Sync connection with partner node lost

Software-based VM-centric and flash-friendly VM storage + free version

Moderators: anton (staff), art (staff), Max (staff), Anatoly (staff)

Post Reply
vhost310
Posts: 5
Joined: Tue Sep 27, 2016 10:29 pm

Tue Sep 27, 2016 11:34 pm

Thanks in advance for any assistance. I've recently put together a 2-node hyperconverged setup using VMware ESXi6 and Window Server 2012R2 DC. Hardware and config specs below. I'm getting occasional errors in the Starwind VMs stating the connection to the partner node on the sync channel is lost (see below). About 2 seconds later it's reestablished and all is well. This seems to happen at times of heavier load, though all that's running is an Exchange Server VM with 6 users.
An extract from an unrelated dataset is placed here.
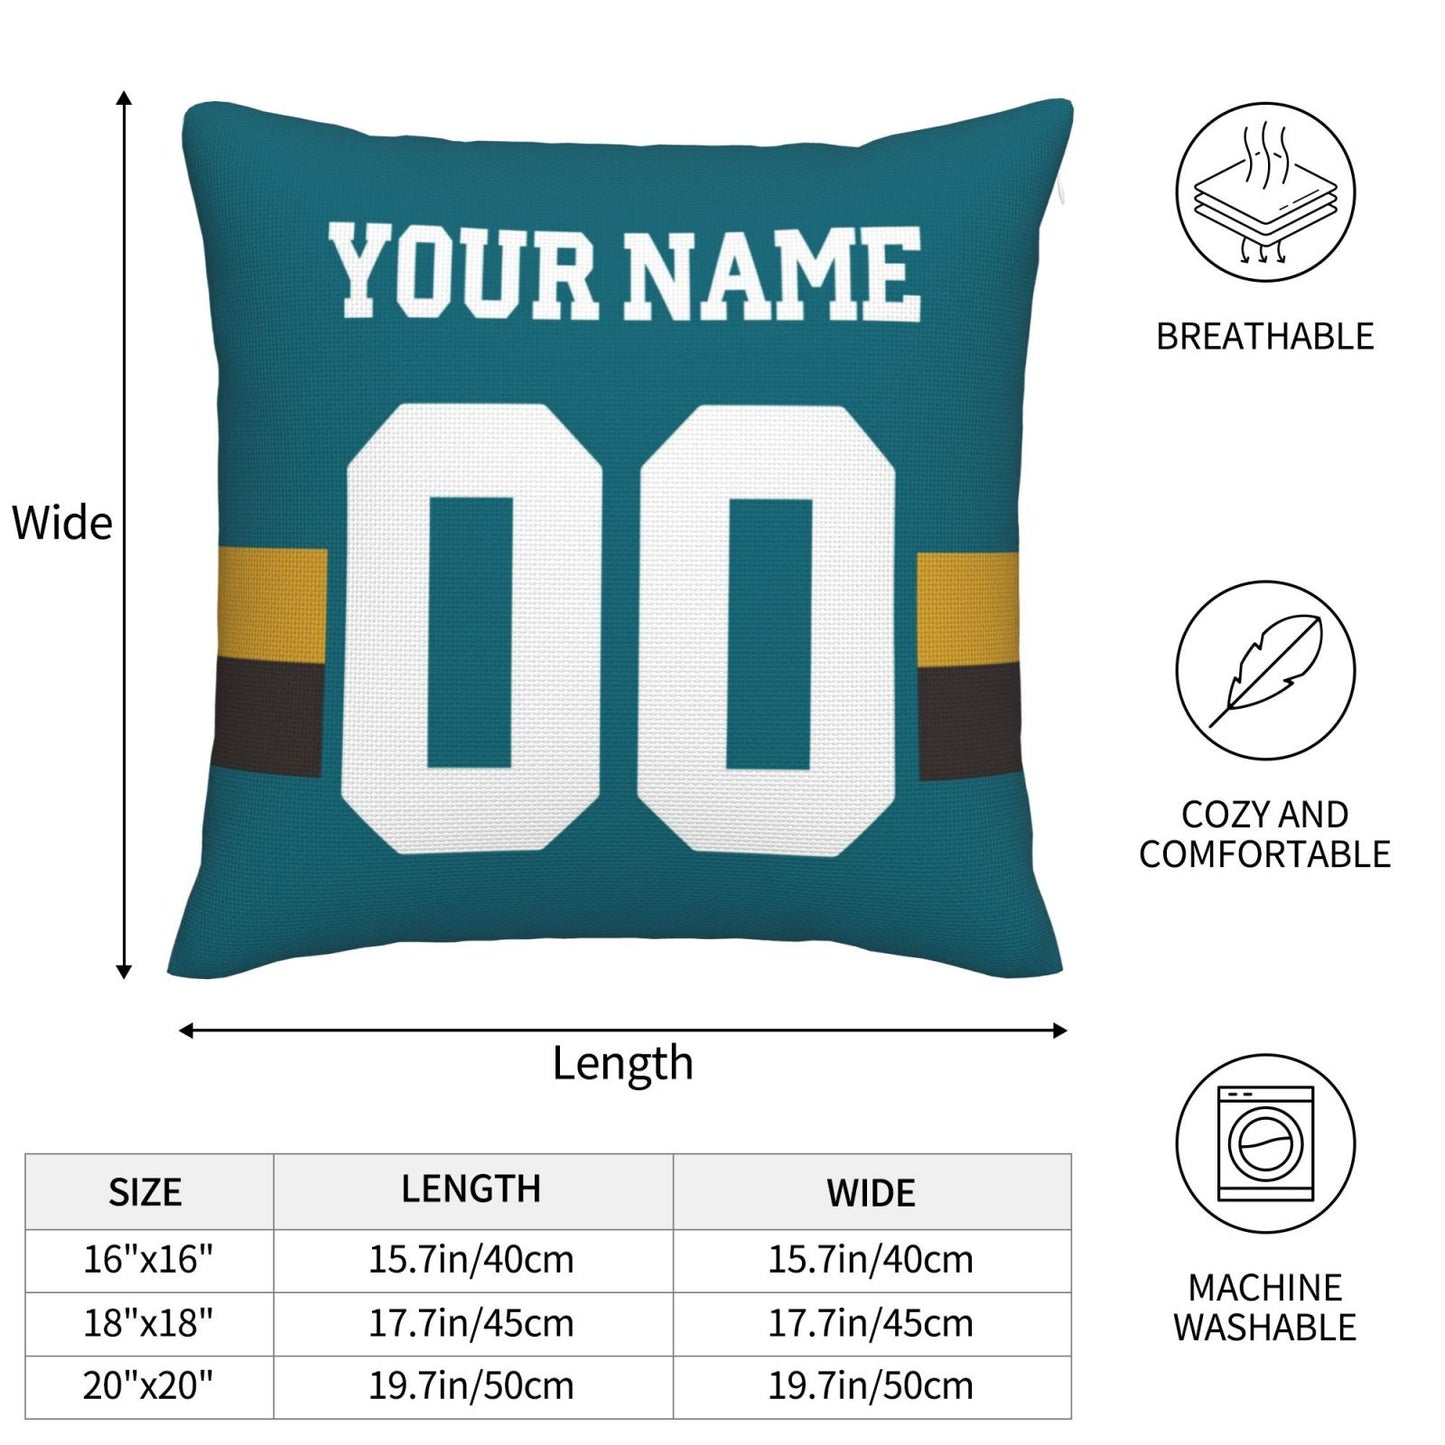 Customized Jacksonville Jaguars Football Team Decorative Throw Pillow Case Print Personalized Football Style Fans Letters & Number Teal Pillowcase Housewarming Gifts

Everything seems to be running good and fast so far except for the occasional disconnects. Please let me know any other configuration specs I can provide. Thank you

Errors
High Availability Device iqn….swd01, all synchronization Connections with Partner Node iqn.….swd01 lost

High Availability Device "iqn.…swd01", critical device response time has been detected. (IO operation delay is more than 10 sec). To avoid performance issues on the whole device, automatic synchronization attempts will be performed every 30 minute(s).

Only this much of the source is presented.